CMF Research | CuAl Exploration
Back in the studio, my hands took the lead.
I started by sourcing 100% copper and aluminum scraps — salvaged plumbing pipes, industrial offcuts, forgotten wiring. I melted them down and cast my own aluminum bronze alloy using existing metallurgical recipes as a starting point. It was dirty, hands-on work — but that’s what made it real.
What emerged from the crucible wasn’t just metal — it was material rebirth. A synthesis of past lives: discarded things now reimagined into a phone that remembers.
This was sustainability with soul. Every ingot carried echoes of where it came from. And every test surface I poured, sanded, and polished showed something new: how this alloy holds light. How it holds touch. How it holds time.

CMF Research | Concept Selection
From my growing library of textures and trials, I began to shape the final expression of CuAl — a phone designed not to stay the same, but to evolve.
This exploration visualizes different arrangements of aluminum bronze, copper, and aluminum across the internal back panel — each block representing a distinct finish: polished, satin, and matte. These aren’t just aesthetic decisions. They’re studies in contrast and transformation.
Beneath the glass lies a quiet composition — not silent, but intentional. Subtle glints of copper and aluminum nod to the alloy’s roots, grounding the design in elemental honesty. In this sealed space, the materials remain untouched, preserved — a still memory of where CuAl begins.

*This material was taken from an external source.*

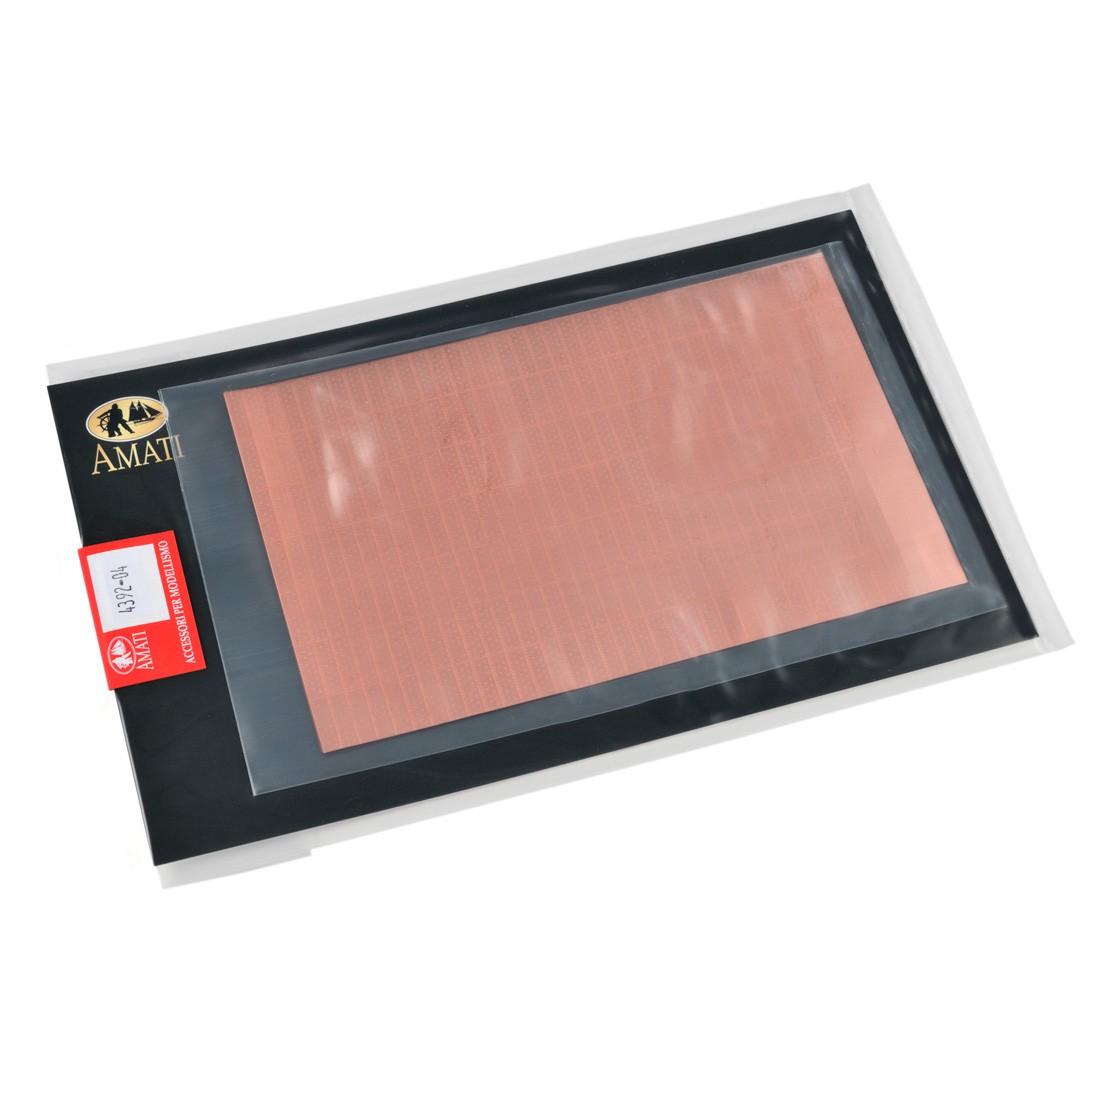 Plaques cuivre mm.5x17  set photodécoupé

Meanwhile, the same finishes reappear on the phone’s exterior: along the frame, on the buttons, in every corner your hand meets. The frame — where your fingers naturally rest and grip — is made of exposed aluminum bronze. These surfaces are left intentionally bare, inviting oxidation, darkening, and shine. Designed to change, to respond, to record your touch.
Each finish offered a different feel, a different future. Some soft and quiet. Others bold and brassy. But what I loved most: no single version was final. Time finishes it for you.
This is material as memory — a phone that ages with you, shaped by your gestures, and etched by your presence. A fingerprint in bronze. A story only you can leave behind.

Nothing Phone (3a) – CuAl
is a small act of resistance in a world of planned obsolescence.
It’s not designed to stay new. It’s designed to grow with you.
As designers and material storytellers, we believe in making things that remember — that carry the past while shaping the future.
That respond not just to trends, but to touch.
This isn’t just a concept.
It’s a proposition: that your phone could become more you, the more you live with it.